Both K70R and T215Y cause reproducible reductions in zidovudine susceptibility

regardless of the susceptibility assay used. Phenotypic resistance to other NRTIs generally requires multiple TAMs. The presence of four or more TAMs will typically cause >100-fold decreased susceptibility to zidovudine, 5 to 7-fold decreased susceptibility to abacavir, and 2 to 5-fold decreased susceptibility to stavudine, didanosine, zalcitabine, and tenofovir (Mayers et al., 1994; Harrigan et al., 2000; Larder & Bloor, 2001; Lennerstrand et al., 2001; Miller et al., 2001; Miller & Larder, 2001; Shulman et al., 2001c; Wainberg & White, 2001; Margot et al., 2002; Wolf et al., 2003). The TAMs cause low-level phenotypic lamivudine resistance but do not appear to compromise lamivudine activity. Regimens containing zidovudine, lamivudine, and a potent third drug are often highly effective even in the presence of multiple TAMs (Hirsch et al., 1999; Albrecht et al., 2001). M184V M184V emerges rapidly in patients receiving lamivudine monotherapy (Boucher et al., 1993; Tisdale et al., 1993; Kavlick et al., 1995; Schuurman et al., 1995; Wainberg et al., 1995). This mutation is also usually the first to develop in isolates from patients receiving incompletely suppressive lamivudine-containing regimens (Holder et al., 1999; Descamps et al., 2000; Havlir et al., 2000; Maguire et al., 2000; Gallego et al., 2001b; Mouroux et al., 2001; Staszewski et al., 2001). M184V is also selected during therapy with emtricitabine (Quinn et al., 2003), abacavir (Tisdale et al., 1997; Harrigan et al., 2000; Miller et al., 2000) and less commonly with didanosine (Gu et al., 1992; Shirasaka et al., 1993; Winters et al., 1997).

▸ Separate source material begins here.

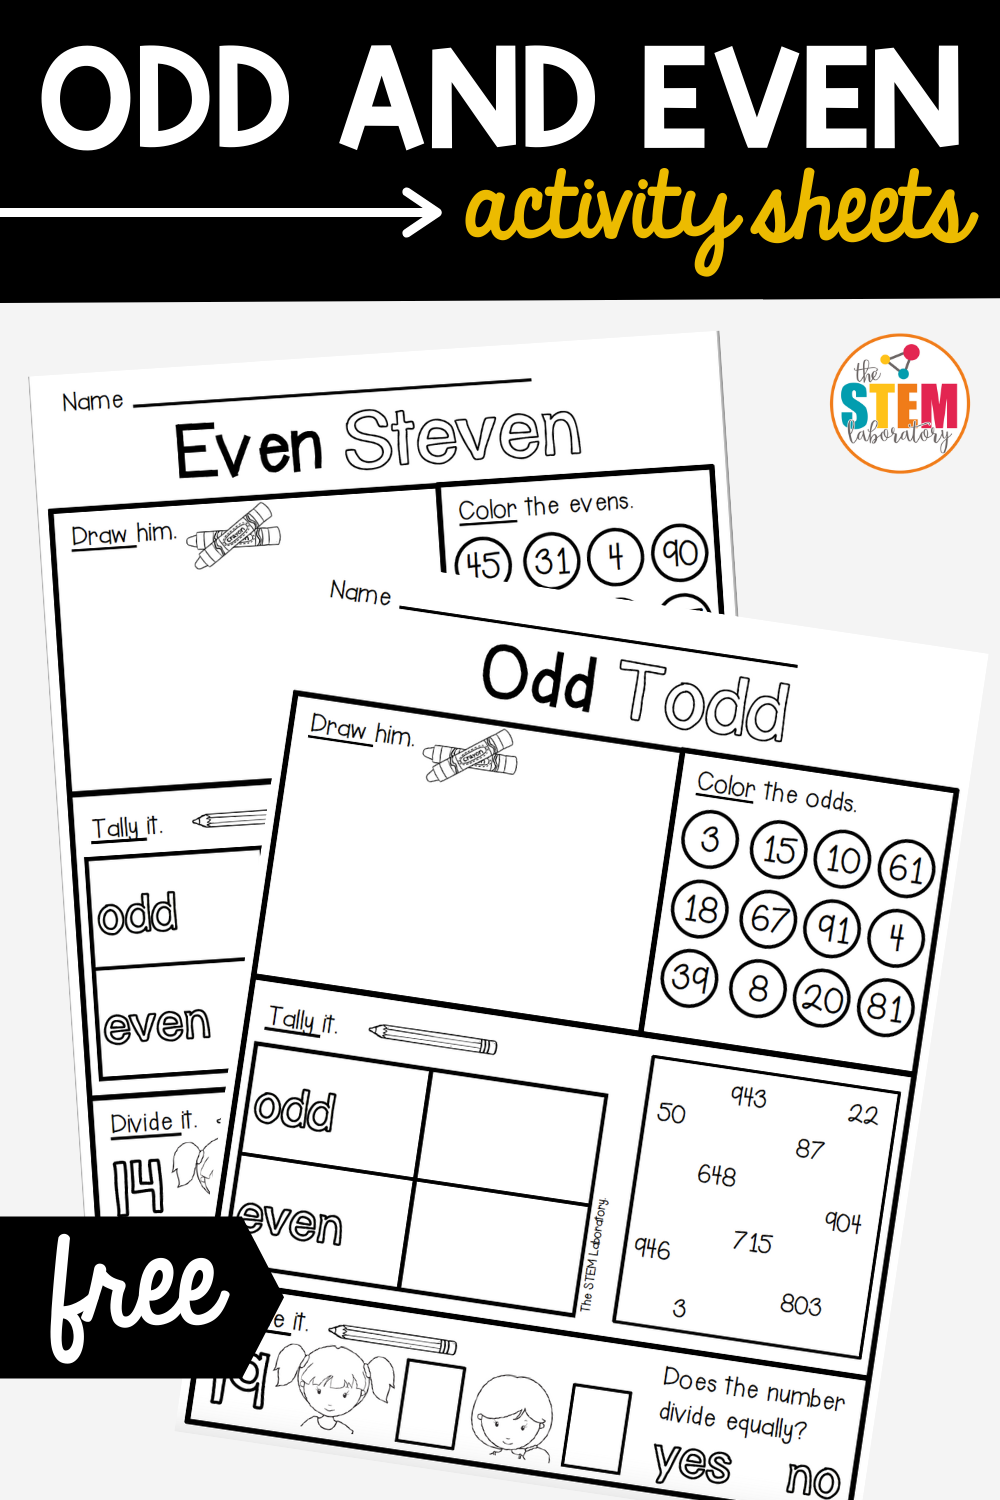 Odd and Even Activity Sheets - The Stem Laboratory With Odds And Even Worksheet

M184I results from a G to A mutation (ATG [methionine] to ATA [isoleucine]) and usually develops before M184V in patients receiving lamivudine because HIV-1 RT is more prone to G to A substitutions than to A to G substitutions (ATG to GTG [valine]) (Ji & Loeb, 1994; Keulen et al., 1997). Although M184I also causes high-level resistance to lamivudine, the enzymatic efficiency of M184I is less than that of M184V, and nearly all patients with mutations at this position eventually also develop M184V (Frost et al., 2000). Steric conflict between the oxathiolane ring of lamivuding and the side chain of beta-branched amino acids such as valine and isoleucine at position 184 perturbs inhibitor binding, leading to a reduction in lamivudine incorporation (Sarafianos et al., 1999a).

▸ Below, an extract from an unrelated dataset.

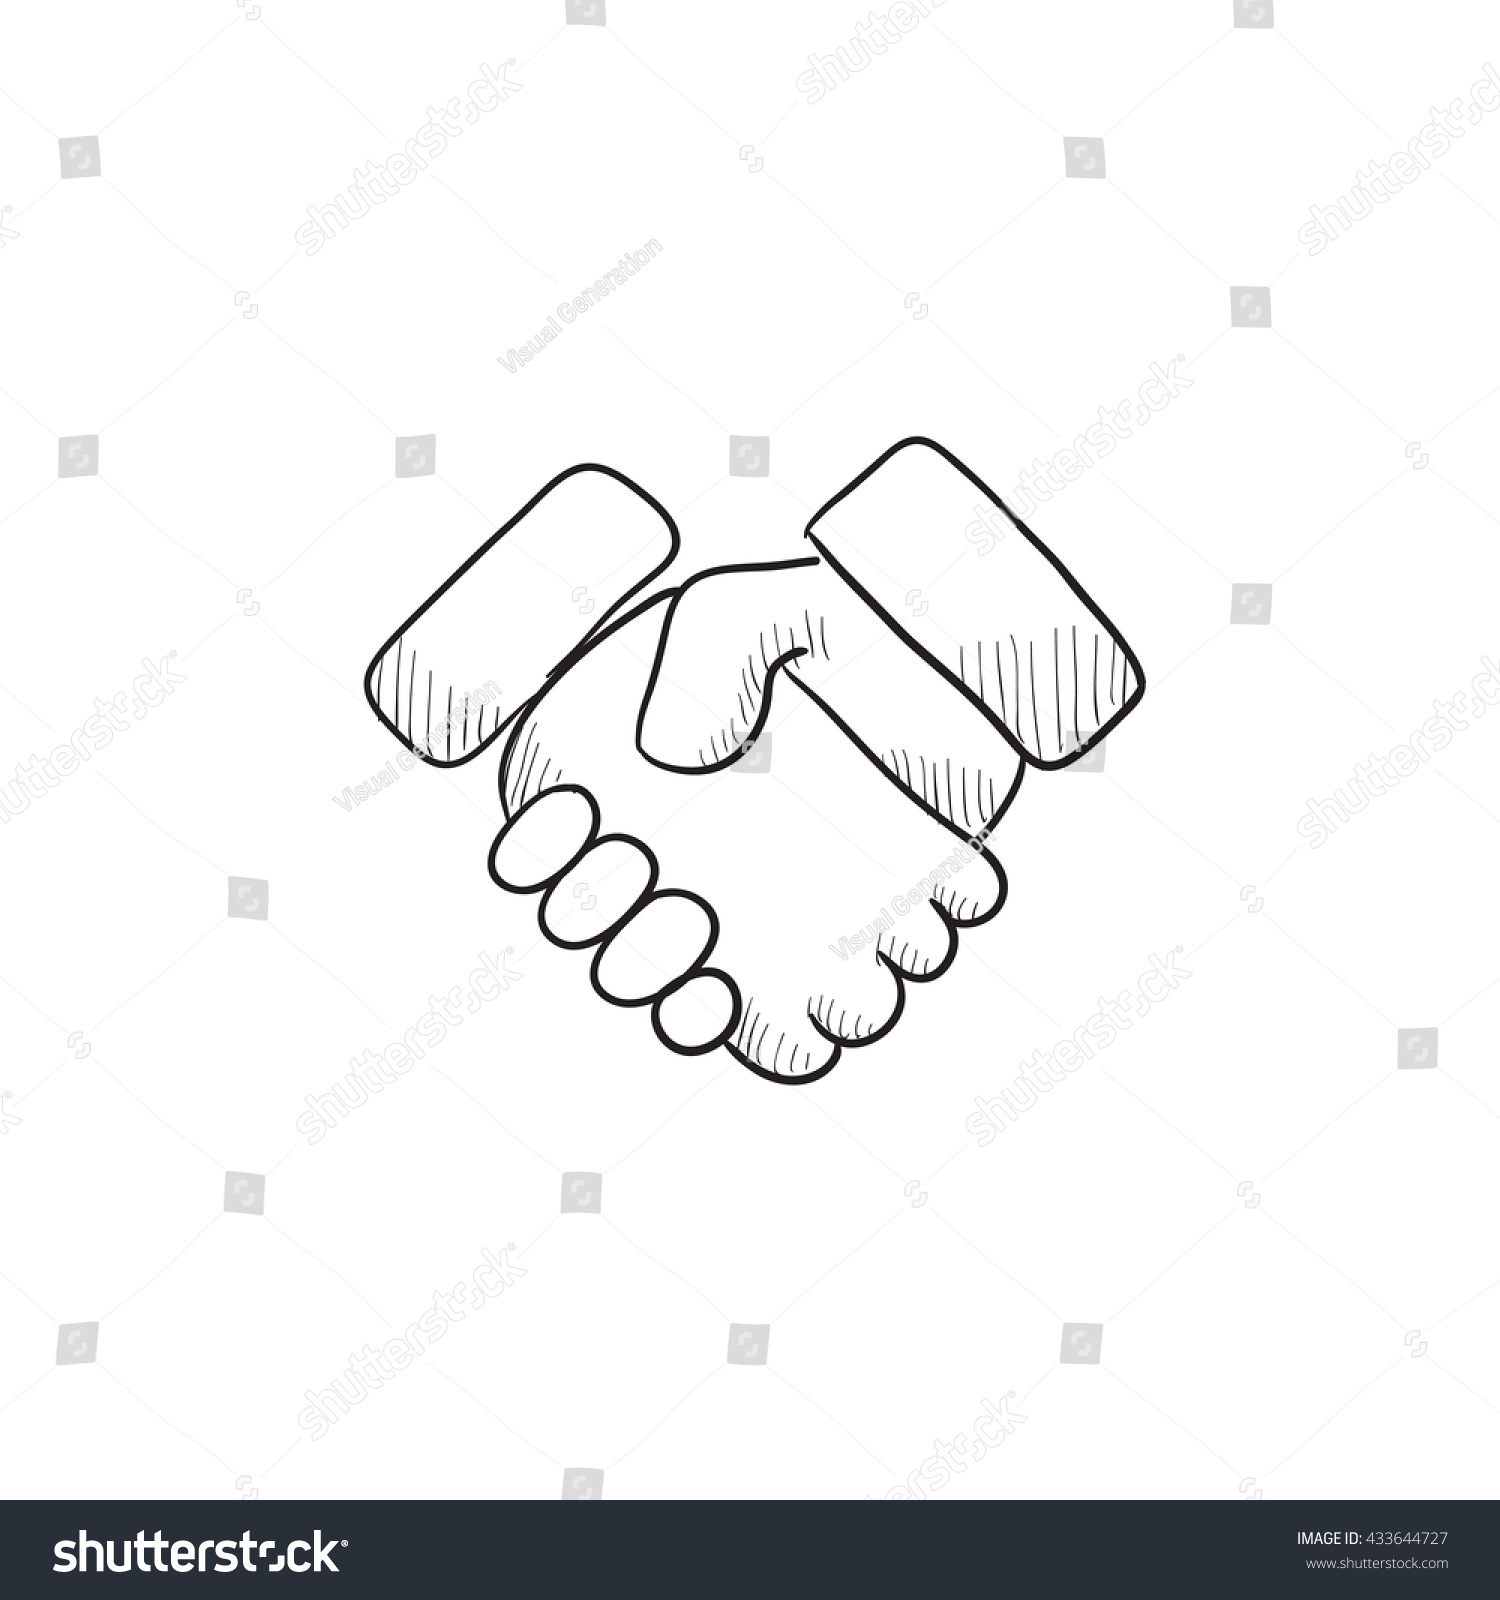 Handshake Vector Sketch Icon Isolated On Stock Vector (Royalty Free

M184V alone causes high-level (>100-fold) resistance to lamivudine and emtricitabine (Boucher et al., 1993; Tisdale et al., 1993; Larder et al., 1995; Whitcomb et al., 2003). In the absence of other drug-resistance mutations, M184V causes a median 1.5-fold reduction in didanosine susceptibility and 3-fold reduction in abacavir susceptibility in the PhenoSense assay (Rhee et al., 2003). In the presence TAMs, M184V decreases susceptibility to didanosine, zalcitibine, and abacavir and increases susceptibility to zidovudine, stavudine, and tenofovir (Miller et al., 1999; Palmer et al., 1999; Naeger et al., 2001; Shulman et al., 2001a; Parkin et al., 2003; Whitcomb et al., 2003). Resensitization may be due to the ability of M184V to impair the

rescue of chain-terminated DNA synthesis (Gotte et al., 2000; Boyer et al., 2002a) and probably explains the slow evolution of phenotypic zidovudine resistance in patients receiving the combination of zidovudine or stavudine and lamivudine (Larder et al., 1995; Masquelier et al., 1999; Kuritzkes et al., 2000). Resensitization, however, can be overcome by the presence of four or more zidovudine resistance mutations (Tisdale et al., 1993; Whitcomb et al., 2003).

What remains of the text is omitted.